Returns a list[str] of cleaned, non-empty sentence strings.

support_score

support_score(claim, chunk)
Computes the cosine similarity between a claim and a chunk using sentence embeddings. This is the core scoring function used during verification.
claim
str
required
The claim sentence to score.
chunk
dict
required
A chunk dict containing at minimum an embedding key (a sentence embedding tensor, as produced by chunk_text).
Returns a float in the range [-1.0, 1.0] representing the cosine similarity between the claim and the chunk. Higher values indicate stronger semantic alignment.

is_meaningful_claim

is_meaningful_claim(claim)
Filters out trivial or summary sentences that cannot be meaningfully verified — for example, sentences with demonstrative subjects like “This reflects…” or sentences with fewer than 4 tokens.
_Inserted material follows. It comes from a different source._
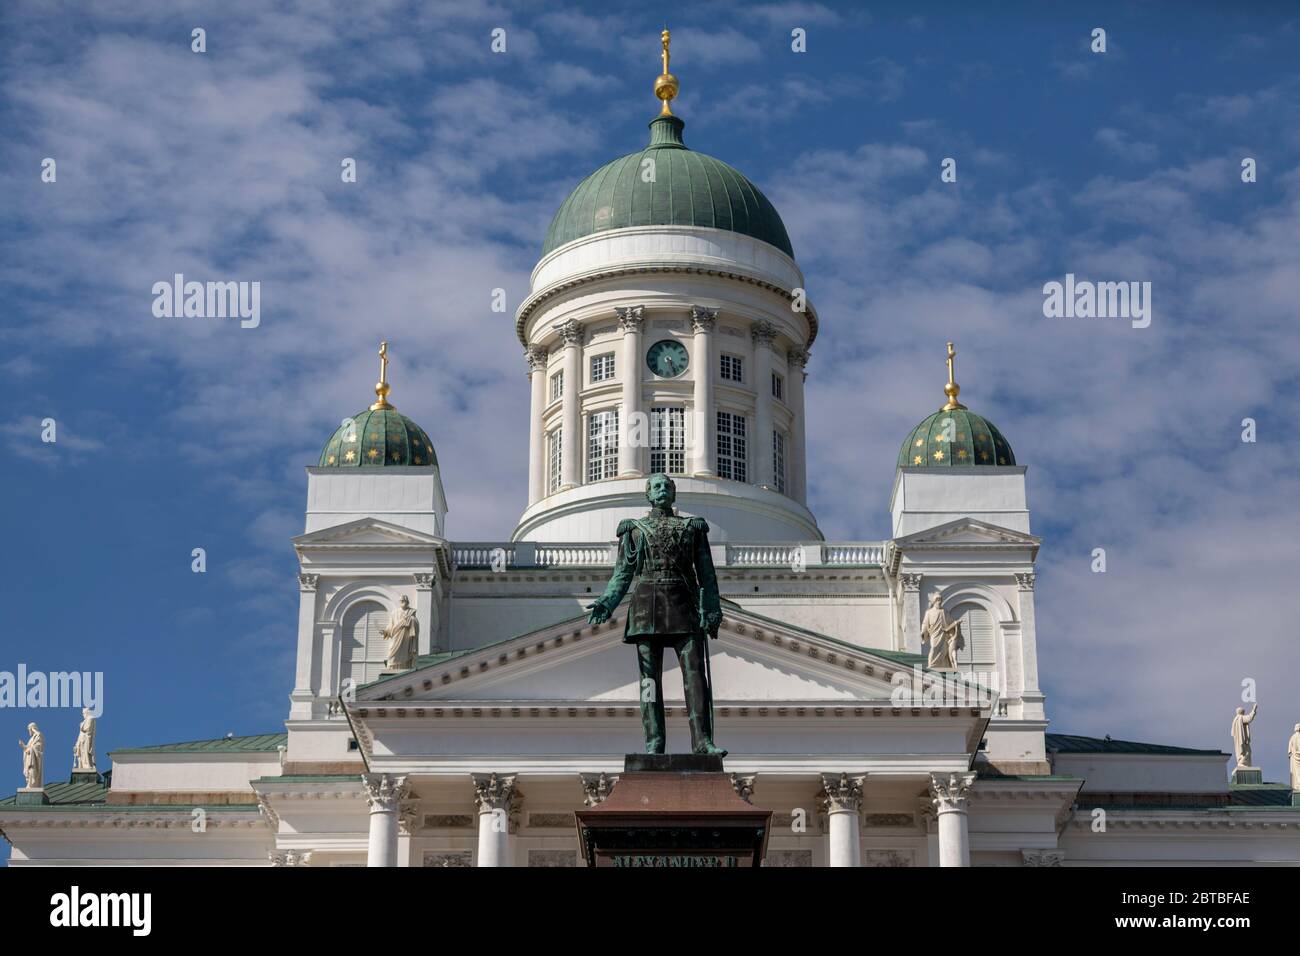 Alexander II. Von Russland ließ die finnischen Menschen unter russischem Regime unabhängig leben. Er war in Finnland beliebt und seine Statue befindet sich auf dem Senatsplatz. Stockfoto
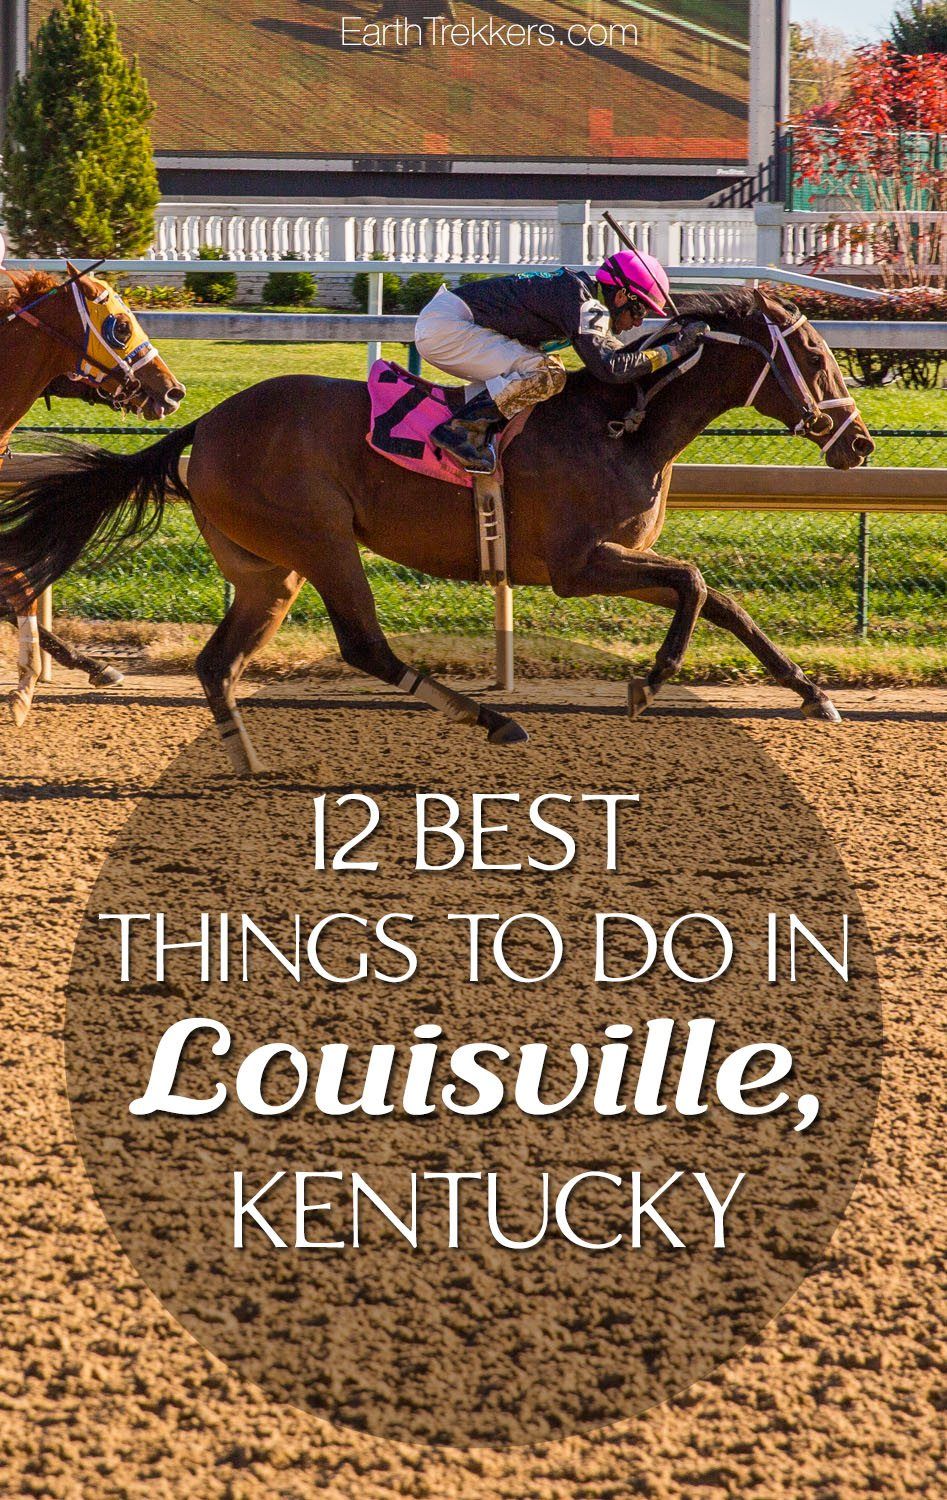 Best things to do in Louisville Kentucky

Only claims that pass this filter are included in verification results.
claim
str
required
The sentence to evaluate.
Returns True if the claim is verifiable, False if it should be skipped.

classify_claim_type

classify_claim_type(claim)
Determines whether a claim contains a mathematical expression that can be verified by direct evaluation, or whether it should be verified against source documents.
claim
str
required
The claim sentence to classify.
Returns "MATH" if the claim contains an arithmetic expression (e.g. 2 + 2 = 4, 50%), or "SOURCE" otherwise.

Usage example

from Halgorithem import Halgorithm

algo = Halgorithm(sentences_per_chunk=2, sentence_overlap=1)

# Load from files
docs = algo.load_files(["sources/basic.txt", "sources/basic2.txt"])

# Compare AI output
results = algo.compare_to_docs(
    truth_docs=docs,
    ai_output="BASIC was developed in 1964 at Dartmouth College.",
    threshold=0.30
)

algo.print_report(results)
You can pass a plain string or a list of strings directly to compare_to_docs without calling load_files first. Use load_files only when you want to reuse the same loaded documents across multiple calls.